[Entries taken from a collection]
▼▼▼
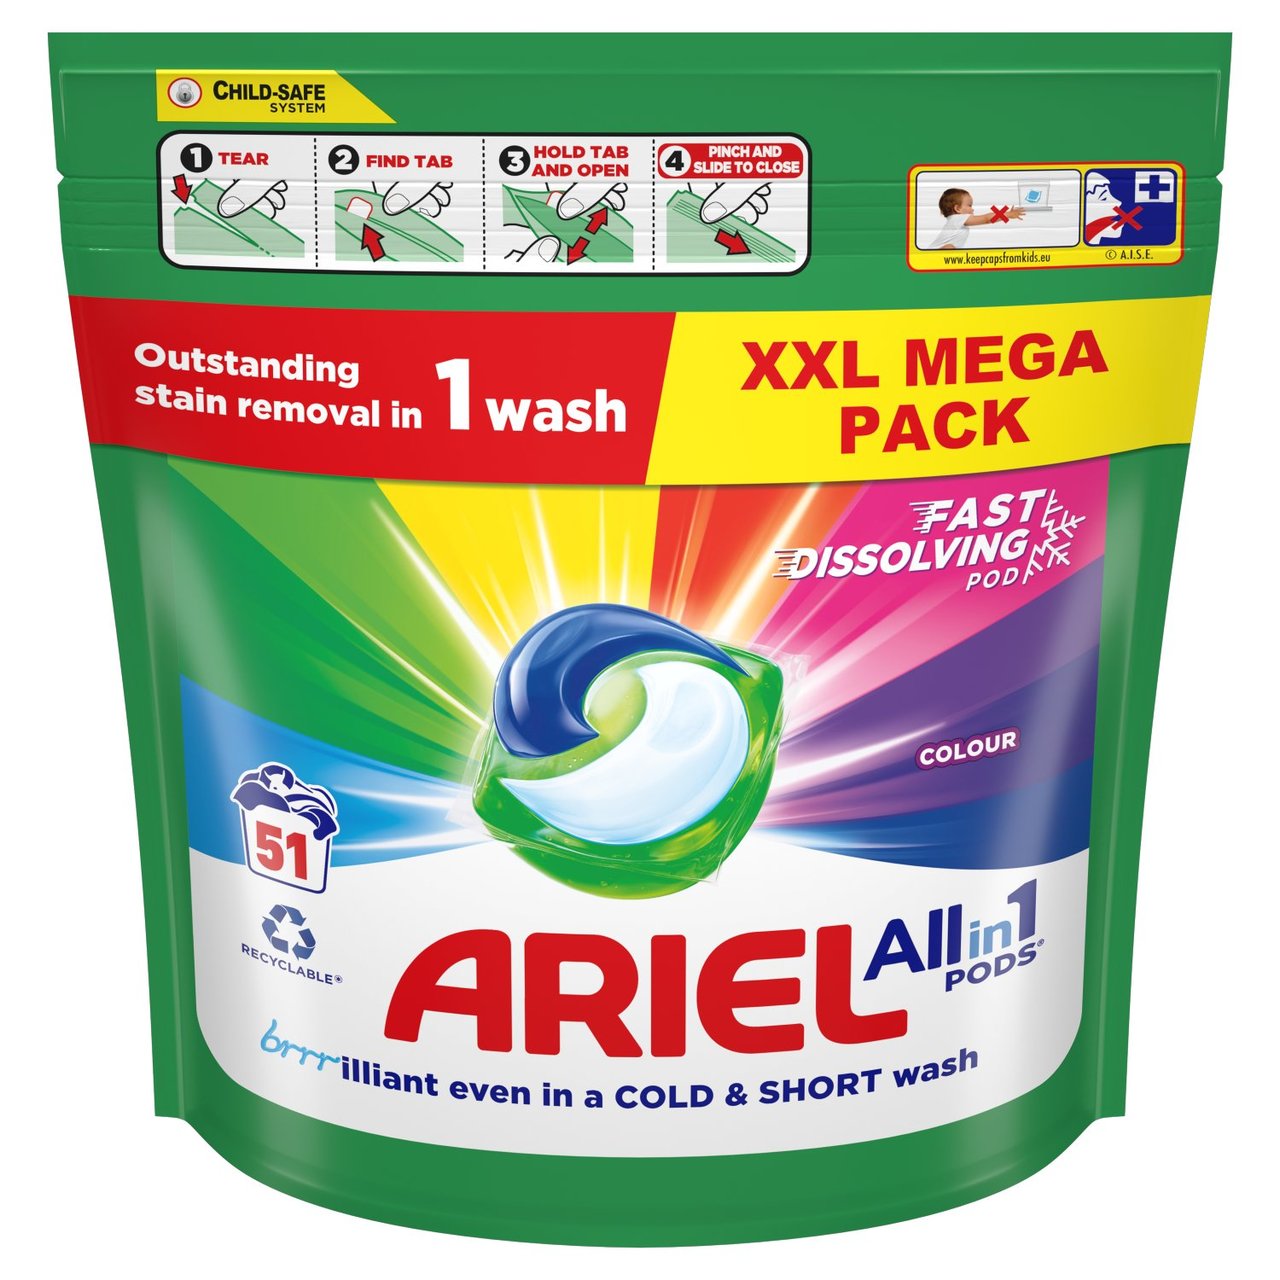 Ariel Colour All-in-1 Pods Washing Liquid Capsules 51 Washes 51 per pack
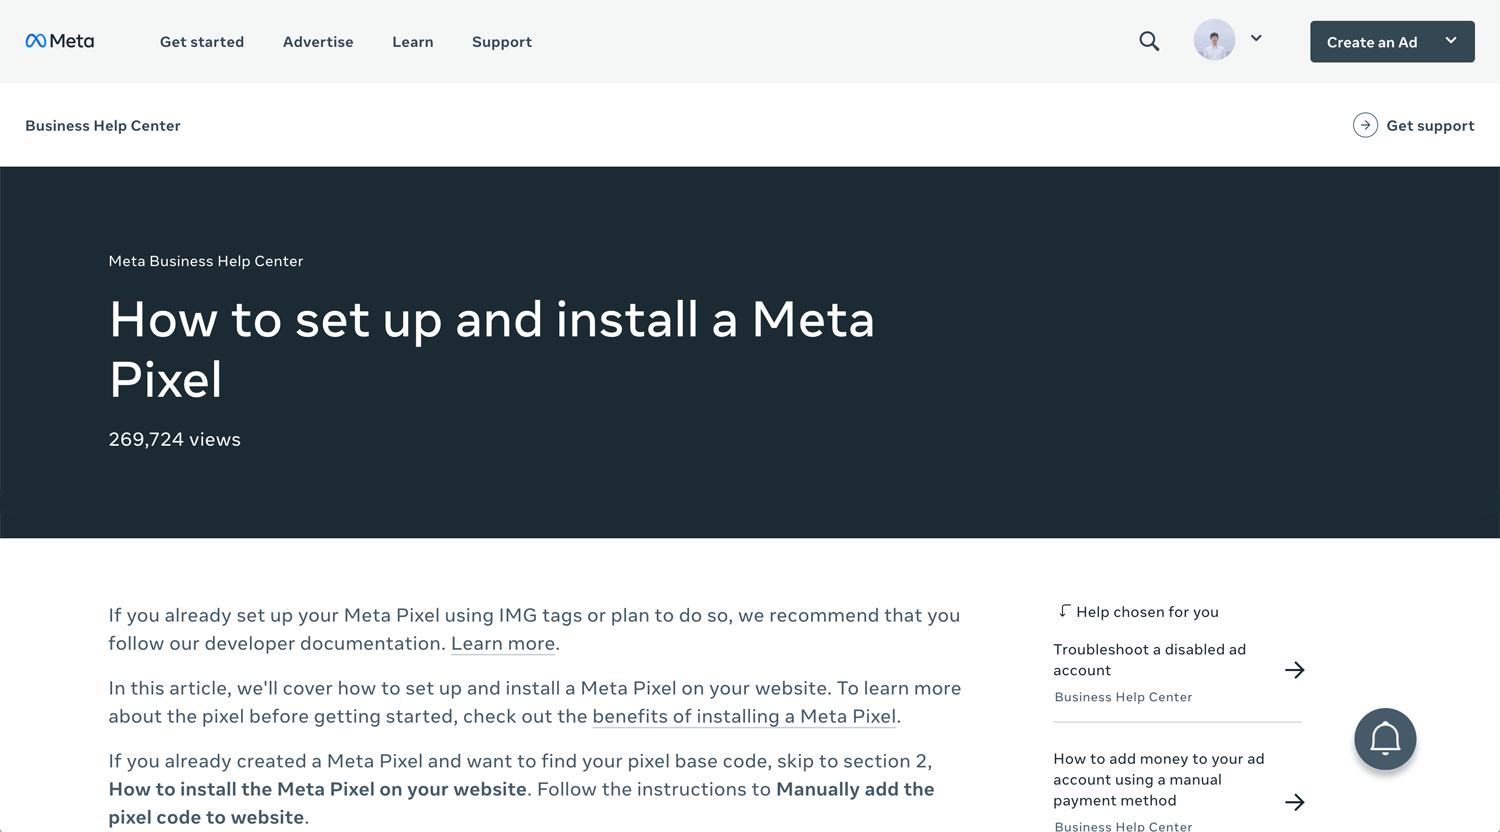 How to set up and install a Meta Pixel
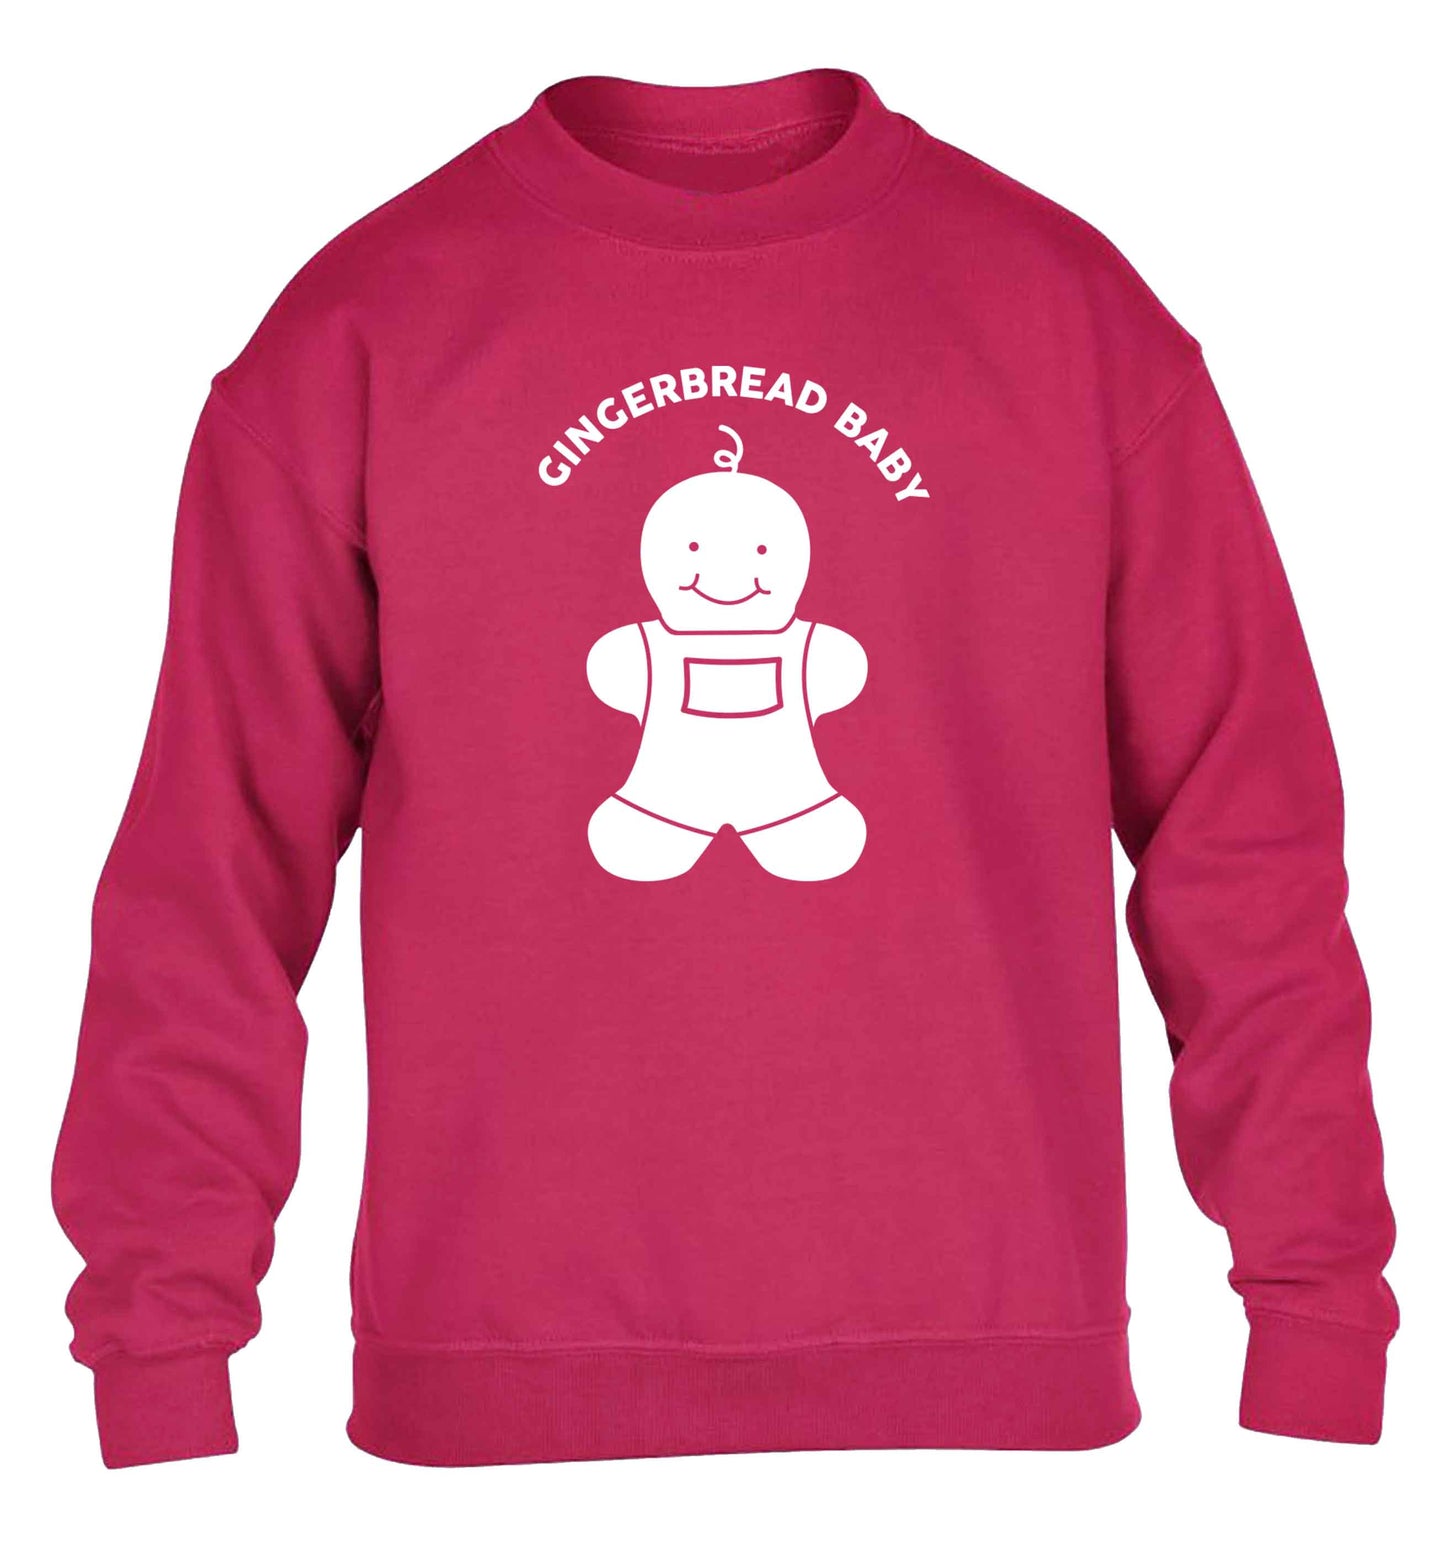 Gingerbread baby children's pink sweater 12-13 Years
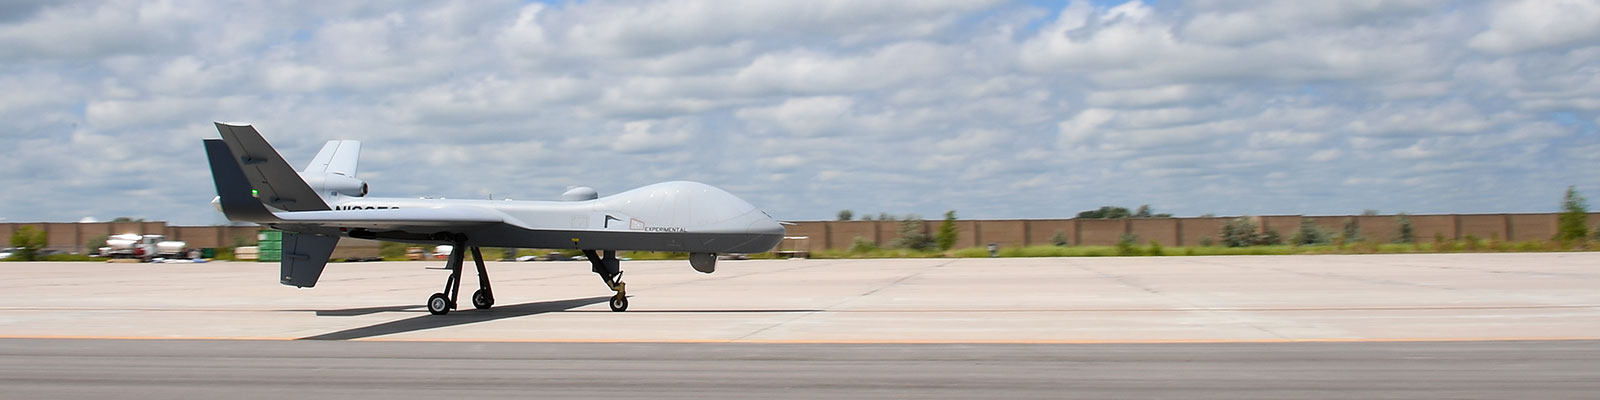 Unmanned aircraft on the runway of the UAS test site
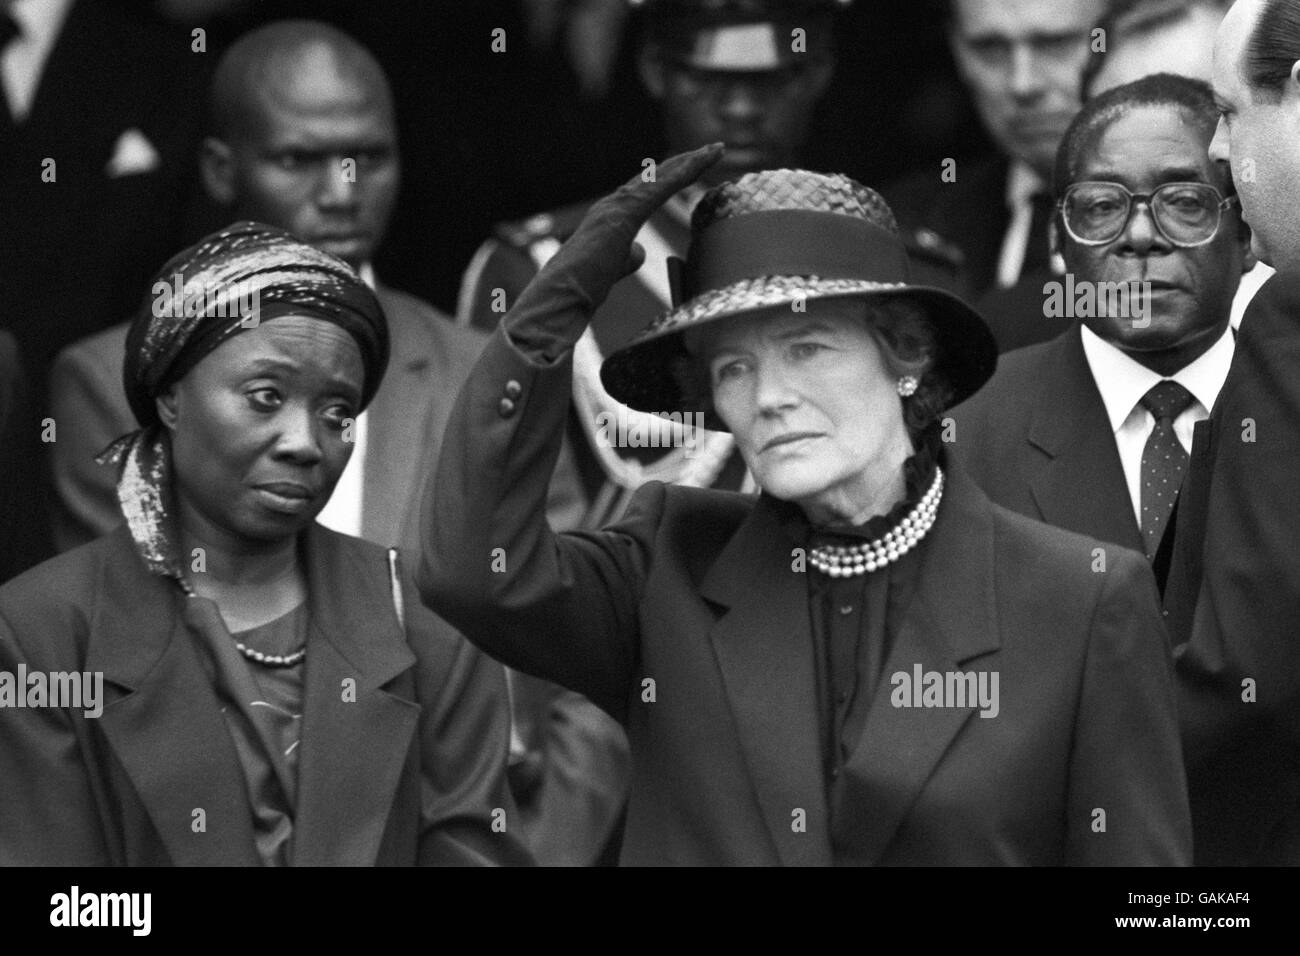 Lady Soames, widow of Lord Soames, at her husbands funeral at All Saints Curch, Odiham with Robert Mugabe (right) and his wife Sally Mugabe. Lord Soames a former governor of Rhodesia, aided Mugabe in the early days of his countries independence. Stock Photo
▲▲▲
DESCRIPTION OF THE TASK:
From the line containing "Gingerbread baby children's" to the last line of the entries, output every line exactly as written, but leave out the pictures.

THE ANSWER:
 Gingerbread baby children's pink sweater 12-13 Years
 Unmanned aircraft on the runway of the UAS test site
 Lady Soames, widow of Lord Soames, at her husbands funeral at All Saints Curch, Odiham with Robert Mugabe (right) and his wife Sally Mugabe. Lord Soames a former governor of Rhodesia, aided Mugabe in the early days of his countries independence. Stock Photo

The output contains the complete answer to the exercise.